Single regressor multi-plots
The json coding for creating multi-plots for regressors looks like this:
"regressionModels": {
"apply": true,
"figSize": {
"x": 0,
"y": 0,
"xadd": 0.25,
"yadd": 0.25
},
"hwspace": {
"hspace": 0.25,
"wspace": 0.25
},
"columns": [
"permutationImportance",
"trainTest",
"Kfold"
]
}
The example above creates a 3-column multi-plot for each regressor defined in the json command file, figure 4.

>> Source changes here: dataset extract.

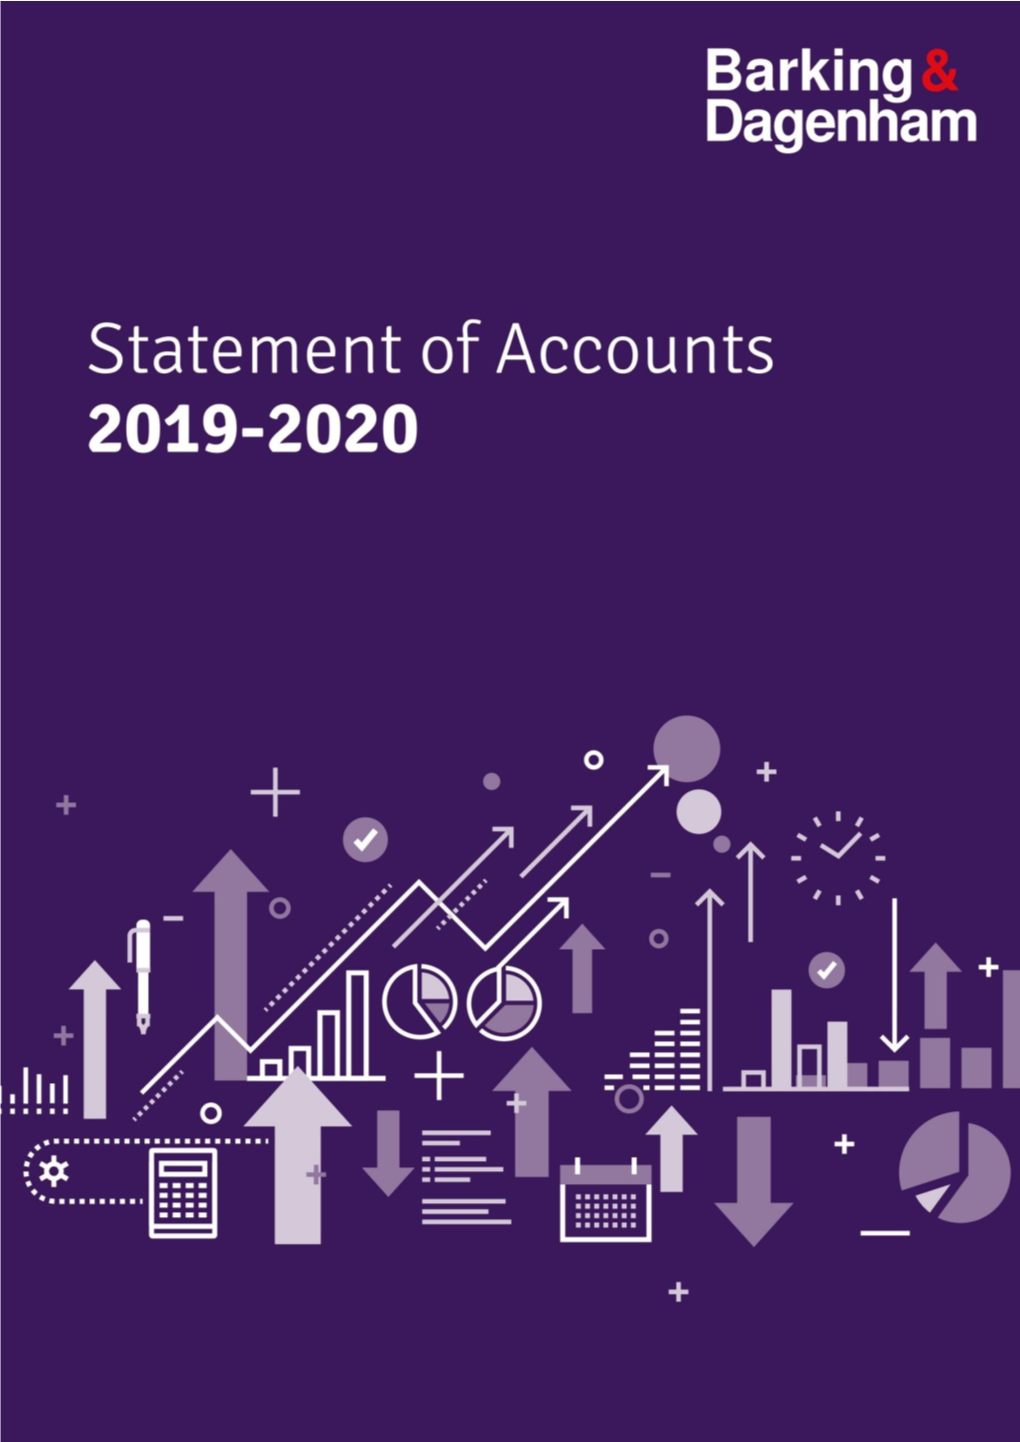 LBBD Statement of Accounts 2018-19
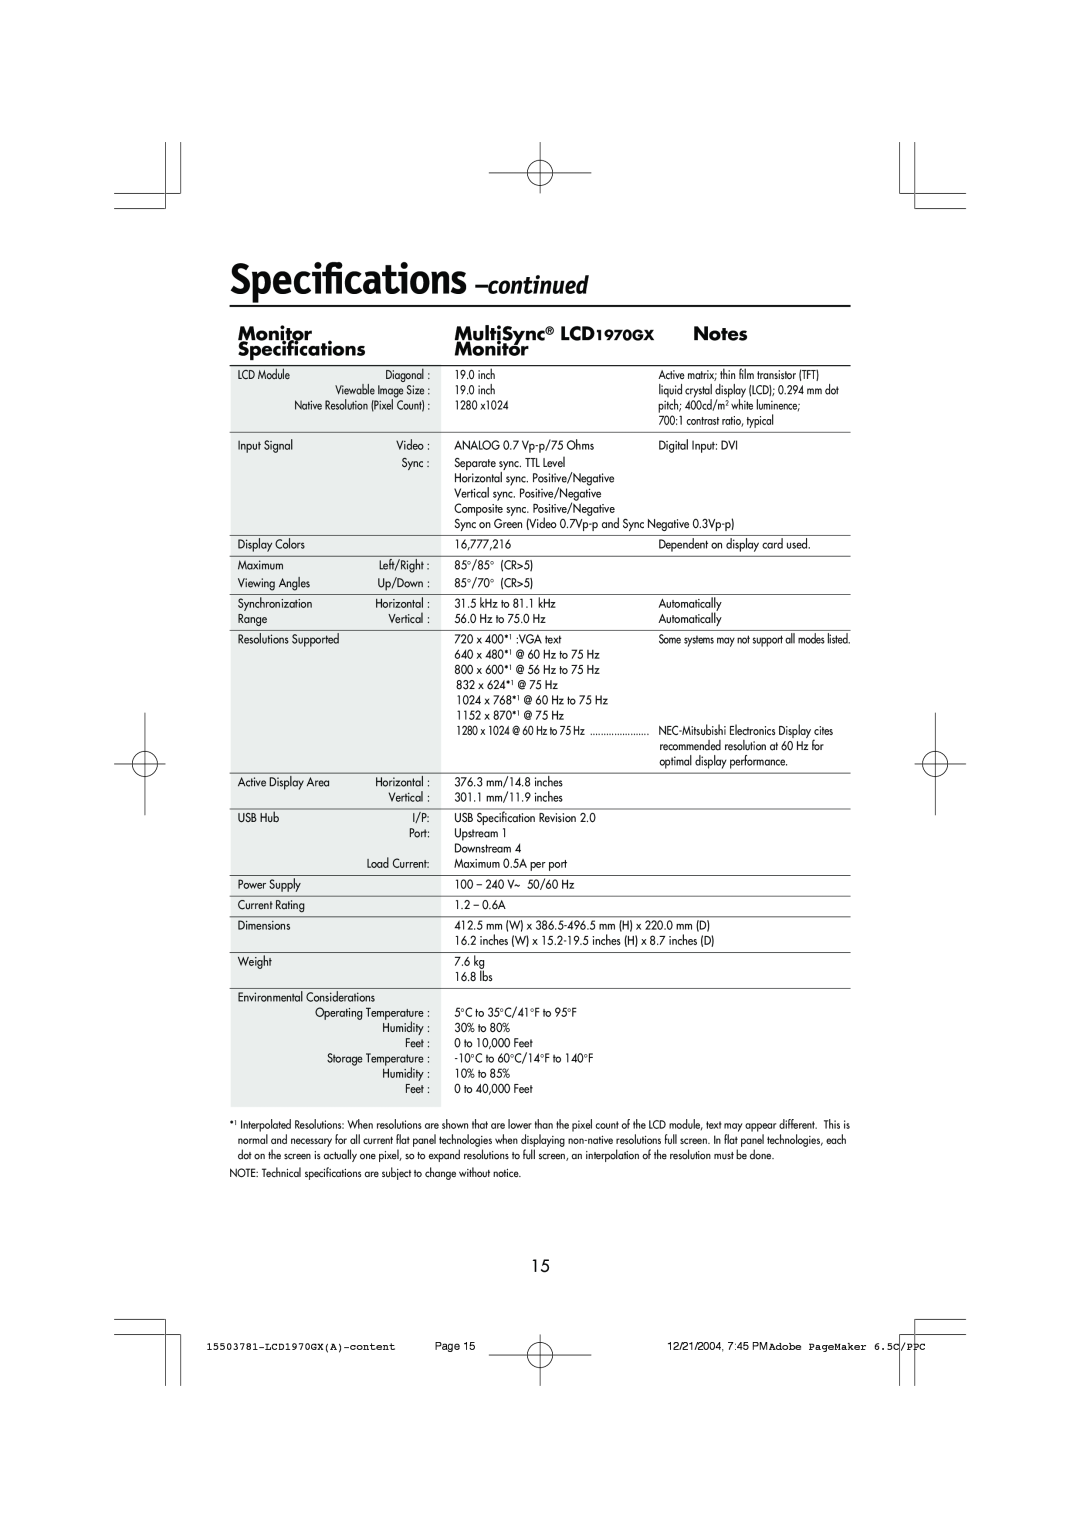 NEC user manual Specifications -continued, Monitor, MultiSync LCD1970GX

Target feature symbolisation
The target features (soil properties) are symbolised either as bars (in the bar-charts showing the feature importance) or as scatters (in the observed versus predicted scatter plots showing model performance). The colour and label for each target feature, symbolised both as bars and scatter markers, are set in the json command file:
"targetFeatureSymbols": {
"caco3_usda.a54_w.pct": {
"color": "whitesmoke",
"label": "CaCo3"
},
"cec_usda.a723_cmolc.kg": {
"color": "seagreen",
"label": "Cation Exc. Cap."
},
"cf_usda.c236_w.pct": {
"color": "sienna",
"label": "Crane fraction"
},
"clay.tot_usda.a334_w.pct": {
"color": "tan",
"label": "Clay cont."
},
"ec_usda.a364_ds.m": {
"color": "dodgerblue",
"label": "Electric cond."
},
"k.ext_usda.a725_cmolc.kg": {
"color": "lightcyan",
"label": "Potassion (K)"
},
"n.tot_usda.a623_w.pct": {
"color": "darkcyan",
"label": "Nitrogen (N) [tot]"
},
"oc_usda.c729_w.pct": {
"color": "dimgray",
"label": "Organic carbon (C)"
},
"p.ext_usda.a274_mg.kg": {
"color": "firebrick",
"label": "Phosphorus (P)"
},
"ph.cacl2_usda.a481_index": {
"color": "lemonchiffon",
"label": "pH (CaCl)"
},
"ph.h2o_usda.a268_index": {
"color": "lightyellow",
"label": "pH (H20)"
},
"sand.tot_usda.c60_w.pct": {
"color": "orange",
"label": "Sand cont."
},
"silt.tot_usda.c62_w.pct": {
"color": "khaki",
"label": "Silt cont."
}
}
Regressor feature symbolisation
If you look carefully at the multi-row plots in figure 3 (showing the prediction of organic carbon using OLS and RandForRegr) you can see that the markers have different shape. The marker shape and size can be set differently for each regressor in the json command file:
"regressionModelSymbols": {
"OLS": {
"marker": ".",
"size": 100
},
"TheilSen": {
"marker": "v",
"size": 50
},
"Huber": {
"marker": "^",
"size": 50
},
"KnnRegr": {
"marker": "s",
"size": 50
},
"DecTreeRegr": {
"marker": "P",
"size": 50
},
"SVR": {
"marker": "*",
"size": 50
},
"RandForRegr": {
"marker": "h",
"size": 50
},
"MLP": {
"marker": "D",
"size": 50
},
"Cubist": {
"marker": "D",
"size": 50
}
},
"modelTests": {
"apply": true,
"trainTest": {
"apply": true,
"testSize": 0.3,
"plot": true,
"marker": "s"
},
"Kfold": {
"apply": true,
"folds": 10,
"plot": true,
"marker": "."
}
}
Horisontal and vertical spacing
For the multi-row/multi-column plots it is a bit tricky to get the height and width spacing correct - the axis labels often tend to overlap. Also because different target features have different units and thus different numerical ranges - which leads to different sizes of the tick mark text. Matplotlib does not handle that automatically and thus I have added the possibility of manually setting both figure height and width and the height and width spacing.
"figSize": {
"x": 0,
"y": 0,
"xadd": 0,
"yadd": 0
},
"hwspace": {
"hspace": 0.25,
"wspace": 0.25
},
If, like in the example above, figSize x, y, xadd and yadd are set to 0 the script will look for default settings under subFigSize:
"subFigSize": {
"x": 3,
"y": 3,
"xadd": 0.1,
"yadd": 0.1
}
If subFigSize is used, the total figure size will be set as:
- width = “nr of columns” * x + xadd
- height = “nr of rows” * y + yadd
Tuning these number it is possible to achieve a plot with nice looking distances between the sub-plots both in the horizontal and the vertical.